I spoke to a reflexologist last night about this problem because I get it too. He shows me a way to relieve pressure by pressing the thumb in a line up the underside of the forearm i.e. if your hand was turned up like for a barbell curl.

This is supposed to relieve pressure on the forearms.


----------



## RAIKEY (Jun 30, 2005)

Tinytom said:


> I spoke to a reflexologist last night about this problem because I get it too.
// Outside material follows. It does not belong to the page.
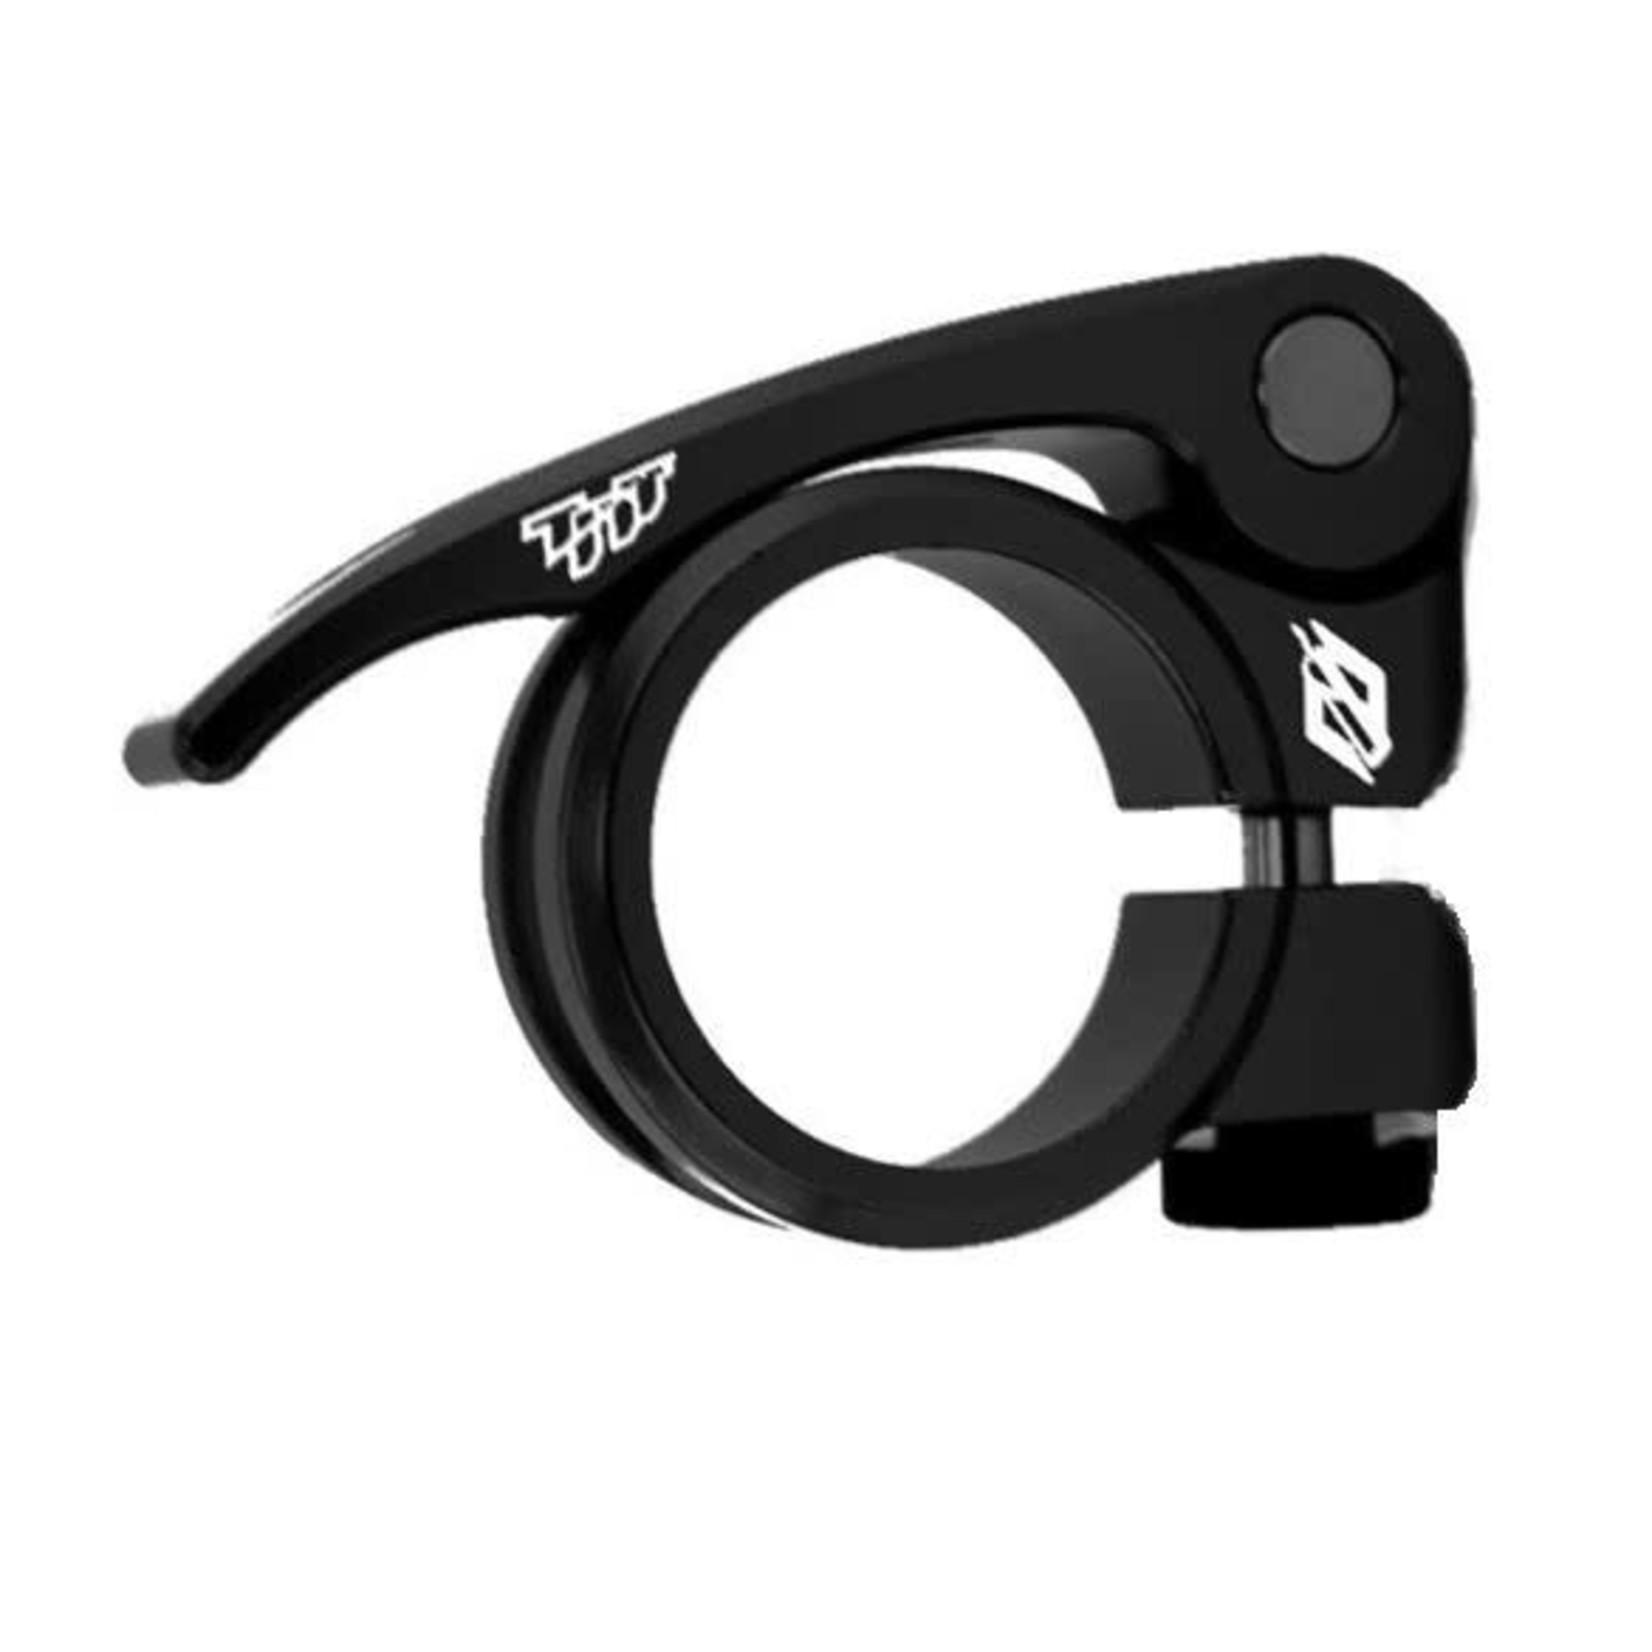 TNT Quick Release Seat Clamp 1-1/4 Black

He shows me a way to relieve pressure by pressing the thumb in a line up the underside of the forearm i.e. if your hand was turned up like for a barbell curl.
> 
> This is supposed to relieve pressure on the forearms.


i'm gonna try this as i have big probs with forearm pump..
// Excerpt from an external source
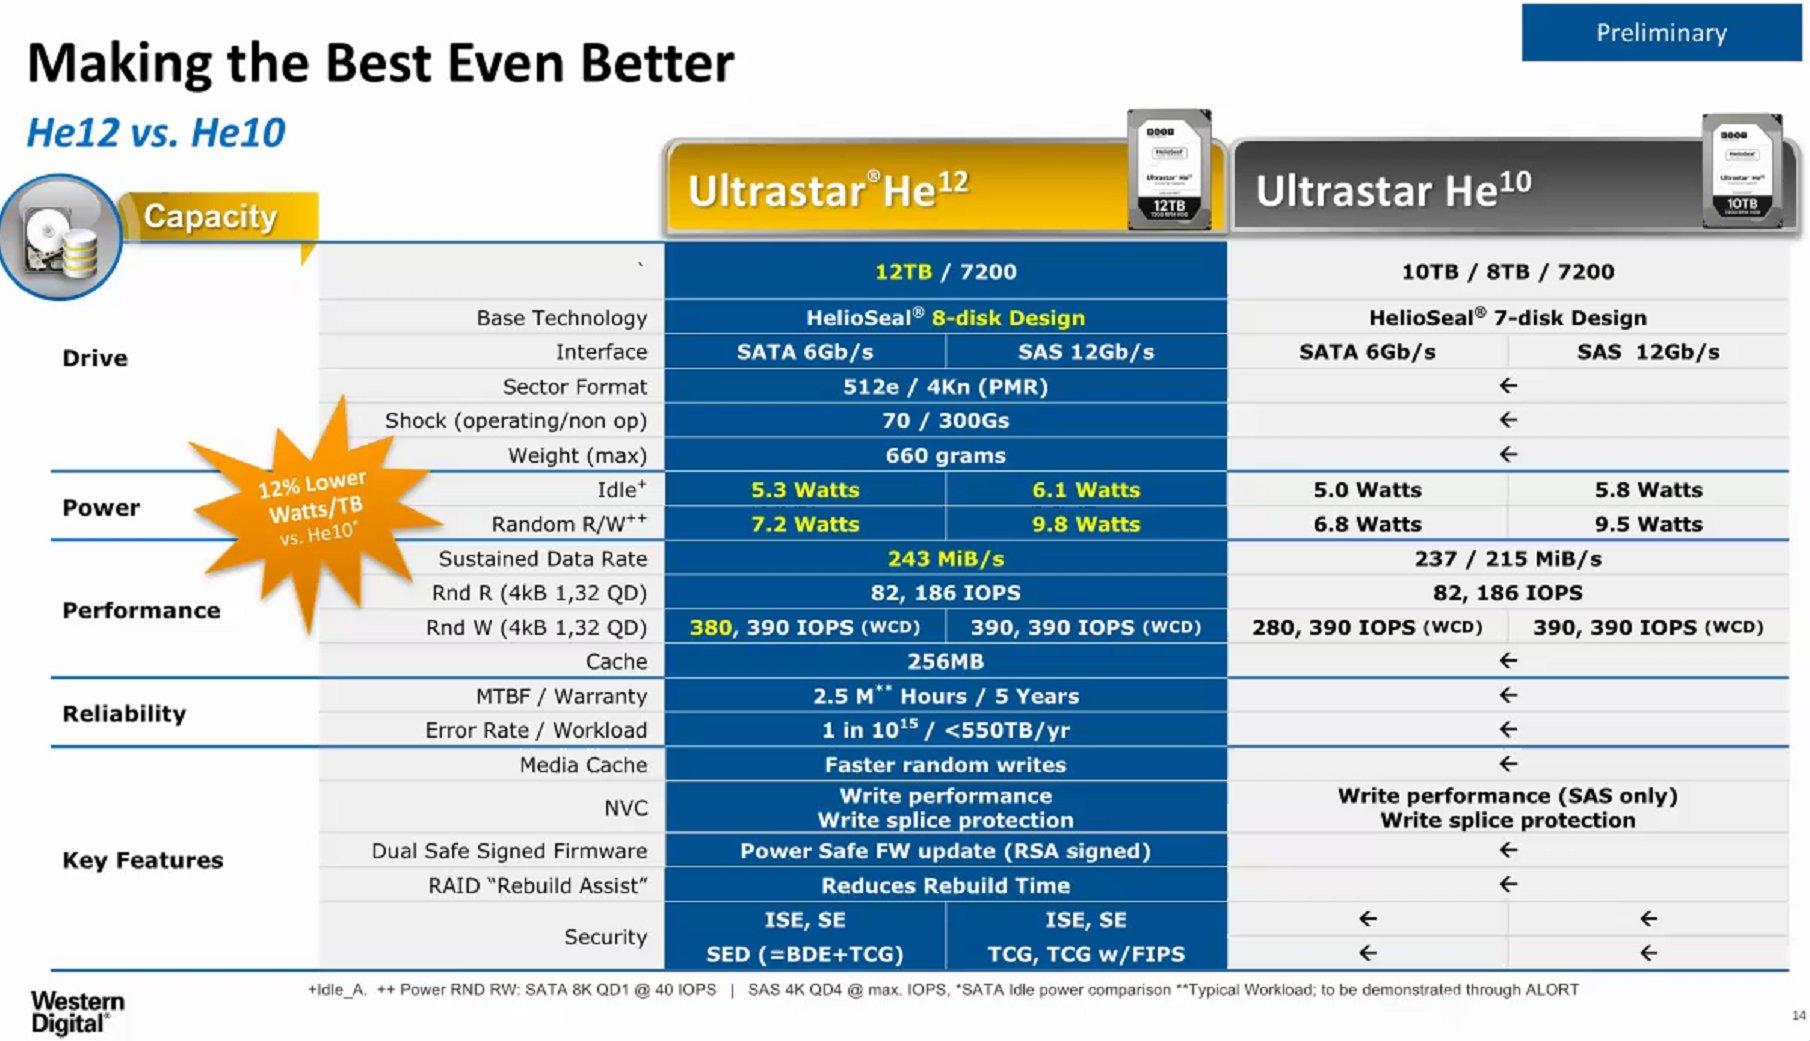 Ultrastar He12 mit 12 TByte auf 8 Plattern

its frustrating when your curling and have to let go/drop the db/bb cos the pump in ur forearms causes the grip to go weak .
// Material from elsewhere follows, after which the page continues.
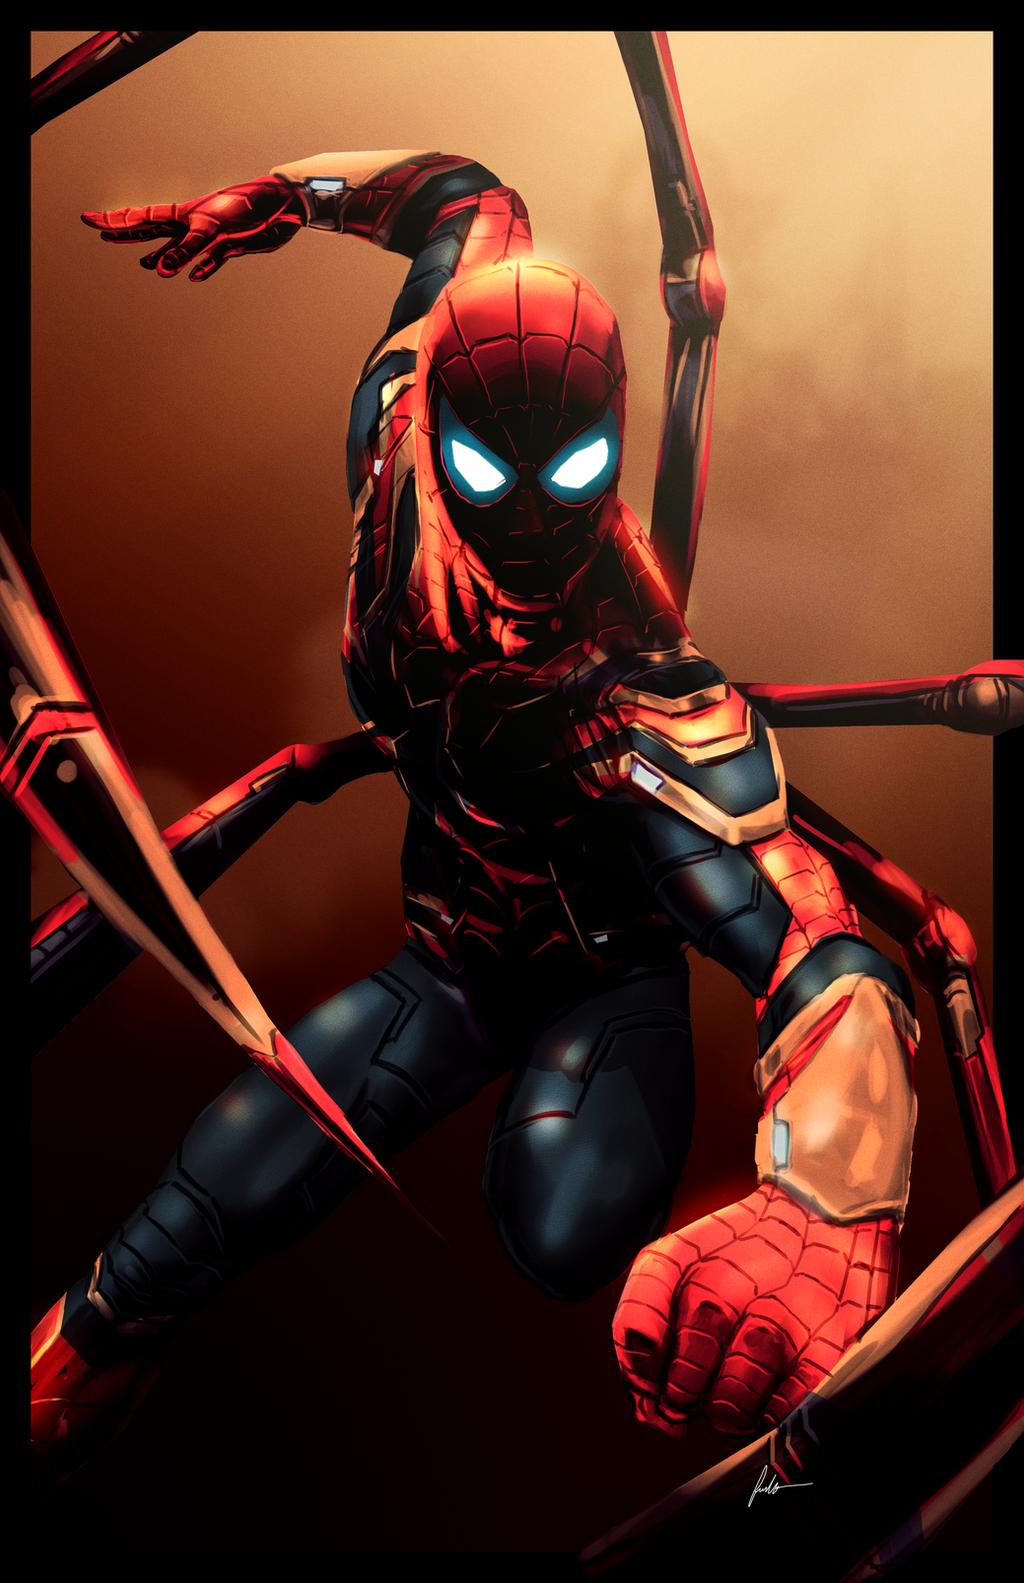 Arachnid by IronWarrior777

i tried strapping meself to the dumbell, open hand grip,cables, but i end up failing the set earlier than i should, cos the pressure is too much ,

if it starts to effect my bicep development i'll be distraught.


----------



## goodgabba (Jan 3, 2006)

excellent, this is definately something i can incorporate into my routine if i start to feel discomfort, thanks Tinytom.

[edit] my forearms also get overly pumped at times Raikey, the muscle goes practically solid and my grip is considerably weakened [/edt]


----------